A pista de testes de Willow Run deve contar com um centro de engenharia, no qual Maddox espera que as montadoras e as autoridades regulatórias trabalhem juntas para desenvolver novos métodos de teste.

Até agora, a maioria dos testes de veículos autoguiados aconteceram em vias públicas.

O Google afirma que seus carros já dirigiram quase 2,5 milhões de quilômetros nos testes que a empresa conduz perto de sua sede em Mountain View, Califórnia. Nos últimos meses, a empresa expandiu seu programa de testes a Kirkland, no Estado de Washington; Austin, Texas; e Phoenix, Arizona. Todas as demais empresas acumularam quilometragem de testes muito menor.

Maddox suspeita que isso seja apenas uma pequena fração dos testes que precisarão ser realizados. Em média, ele aponta, acontece um acidente fatal a cada 160 milhões de quilômetros dirigidos nas vias norte-americanas. "Ainda estamos bem distantes de ter a experiência necessária".

Um estudo recente da RAND concluiu que os veículos autoguiados podem ter de ser testados durante centenas de milhões, ou mesmo bilhões, de quilômetros para propiciar um grau de certeza estatisticamente suficiente.

Além disso, os testes de rua muitas vezes ficam aquém do necessário. Se um carro autoguiado não reage corretamente no mundo real —se, por exemplo, a sombra de um edifício o leva a frear repentinamente —a situação não pode ser recriada e repetida para identificar a questão e ajustar os sensores do carro, disse Huei Peng, professor de engenharia e diretor do Centro de Transformação da Mobilidade da Universidade do Michigan.

"Temos de ver como esses veículos interagem com aquilo que os cerca e necessitamos de testes confiáveis e repetíveis, para isso", ele disse.

E colisões ocorrem. Os carros do Google, até setembro do ano passado, registravam 16 colisões, todas por erro humano, informou a empresa então. Em relatório às autoridades regulatórias da Califórnia, o Google revelou que motoristas humanos tiveram de assumir o controle de seus carros de teste em 341 ocasiões, em um período de 14 meses em 2014 e 2015, o que inclui 13 incidentes nos quais o carro teria colidido sem a intervenção do motorista.

O Google e a Fiat Chrysler estão trabalhando juntos para testar uma frota de 100 minivans autoguiadas nas vias do Michigan e outros Estados, até o final deste ano.

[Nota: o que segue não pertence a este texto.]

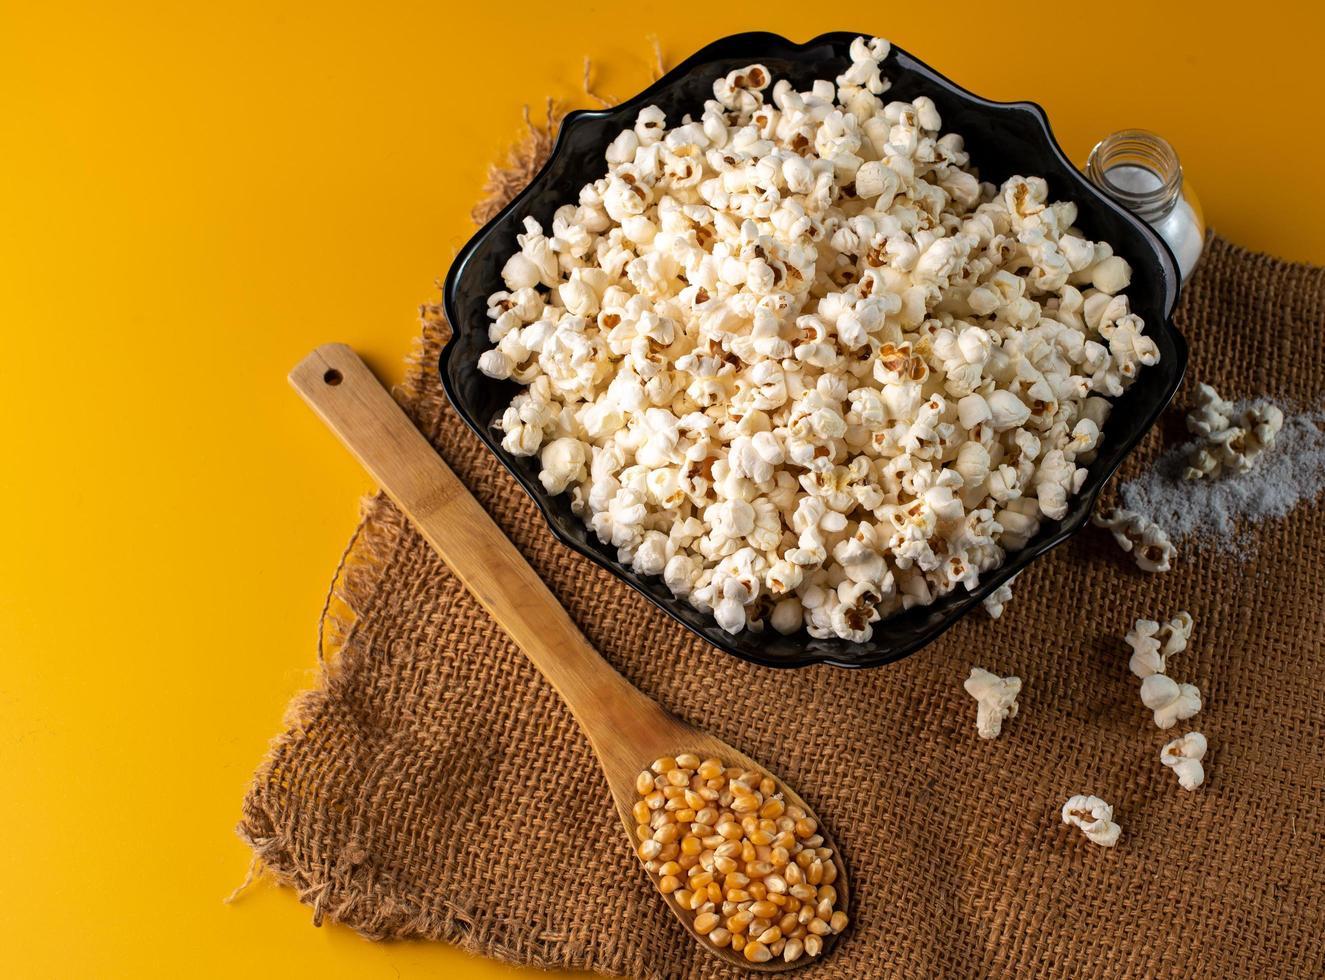 Bowl of popcorn on yellow background  photo

O Google está criando um centro de engenharia em Novi, Michigan, para equipar as minivans com tecnologia de direção autônoma.

No mesmo período, a Ford planeja expandir sua frota para 30 protótipos autoguiados, ante os atuais 10. A GM e sua parceira, a Lyft, operadora de serviços online de carros, esperam ter uma frota de táxis sem motorista pronta para testes em um ano.